A Tale of Two Georges

thursday, july 8, 2010
...........................................................................................................................................................................

I have not before used this blog to post a book review, but the book I'm now reading, Family of Secrets, by Russ Baker, merits a very close look, as a work on its way to drawing together the threads of a modern mystery that most believed would never yield to a solution - the assassination of President Kennedy.  That is not to say that Baker has solved the mystery...he has not.  But his research is pointing in the direction of, if not an outright solution, at least an explanation that makes sense, and is not weighed down by poor research and disinformation.

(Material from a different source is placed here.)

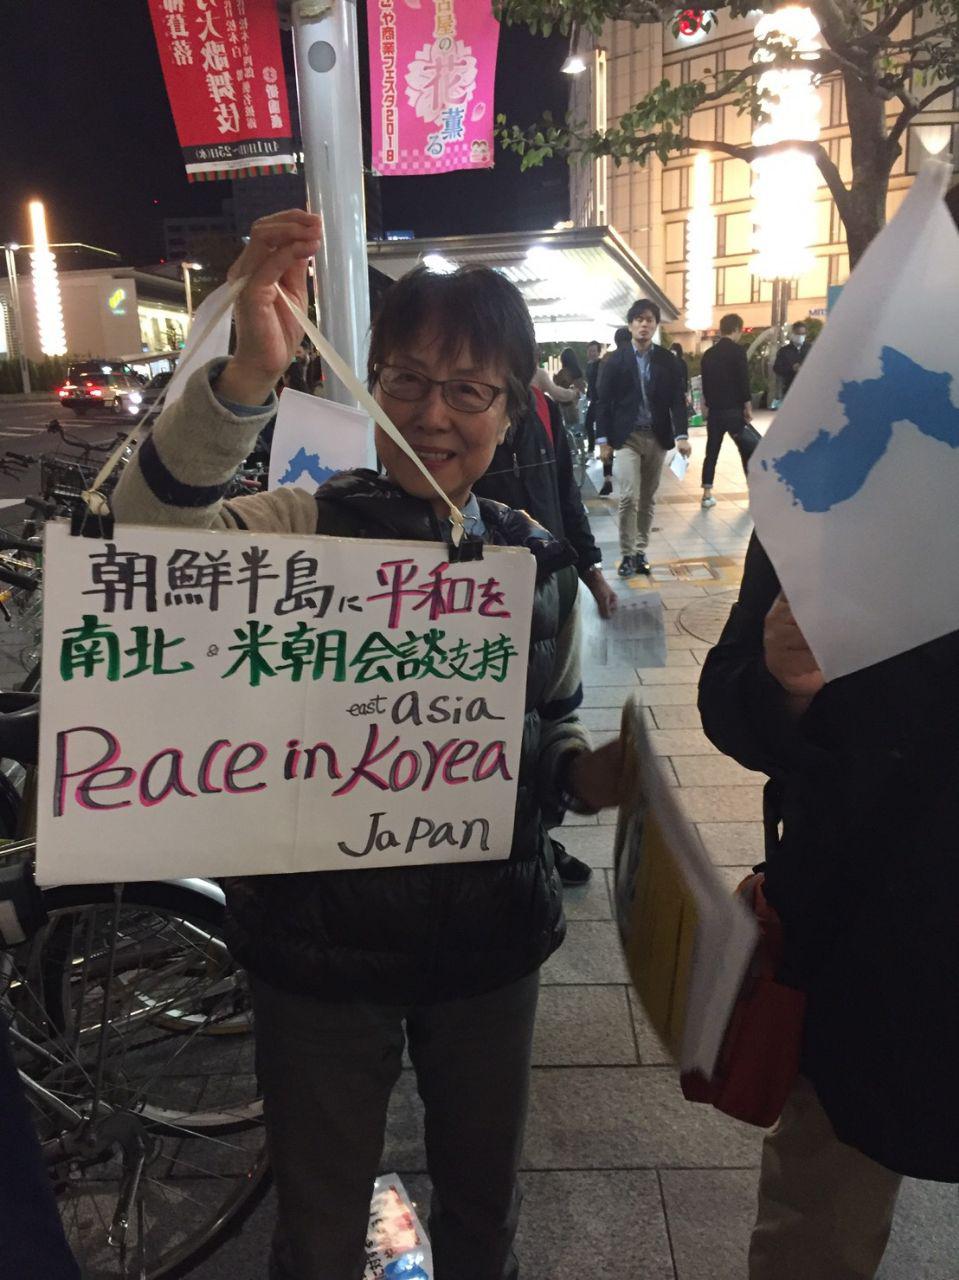 '한반도에 평화를, 남북, 북미회담 지지, 동아시아, 한국, 일본에 평화를'를 들고 있는 참가자
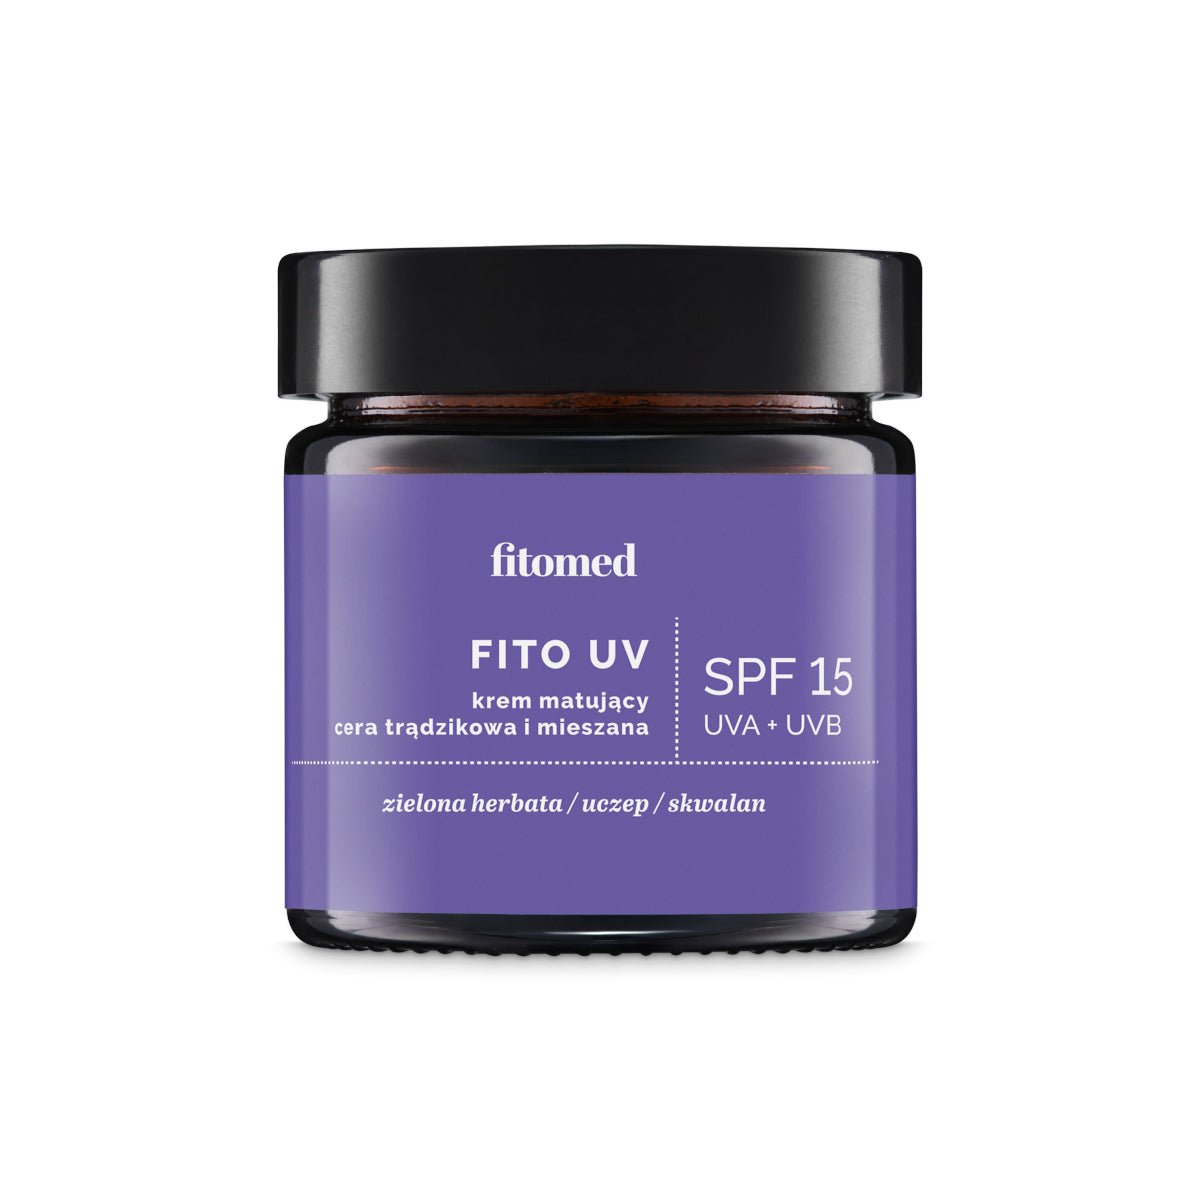 FITO UV crema matificante SPF15 para pieles acneicas y mixtas 50 ml FITOMED

I was seventeen years old in November of 1963, and share the inexplicable feeling of many that something other than a civil servant was murdered on that day.  As we grasped for the meaning of the day and weekend following the crime, many of us felt the death of the youthful hope brought on by Kennedy's election in 1960.  There was a sense that the old guard would soon pass away, and a new generation would be free to take a second and better look at the world in a way that acknowledged problems and looked for solutions.  Kennedy's attitude toward the Americas to the south alone, (except for Cuba, the Kennedy blind spot) spoke to a new international relationship based in the parity between nations that a global economy would soon demand, rather than on the brutal power of empire.  When Kennedy died, it was as if the empire had won after all, and for many, idealism was put up on a shelf.

As Baker points out in his book, research and public commentary on the Kennedy assasination, carries the risk of labeling by the mainstream media as conspiracy theory, a legacy of the years of exploitive and populist investigations, described in books, articles and web pages of often dubious scholarship, a cottage industry driven by public hunger for an alternative to the inherently dissatisfactory version of history emerging from the deliberations of the Warren Commission and never improved upon by numerous subsequent government-sponsored inquiries. 

To give such efforts their due however, it must be acknowledged that over the decades since 1963 a core narrative has begun to emerge that would have remained buried but for the efforts of this army of historical archeologists.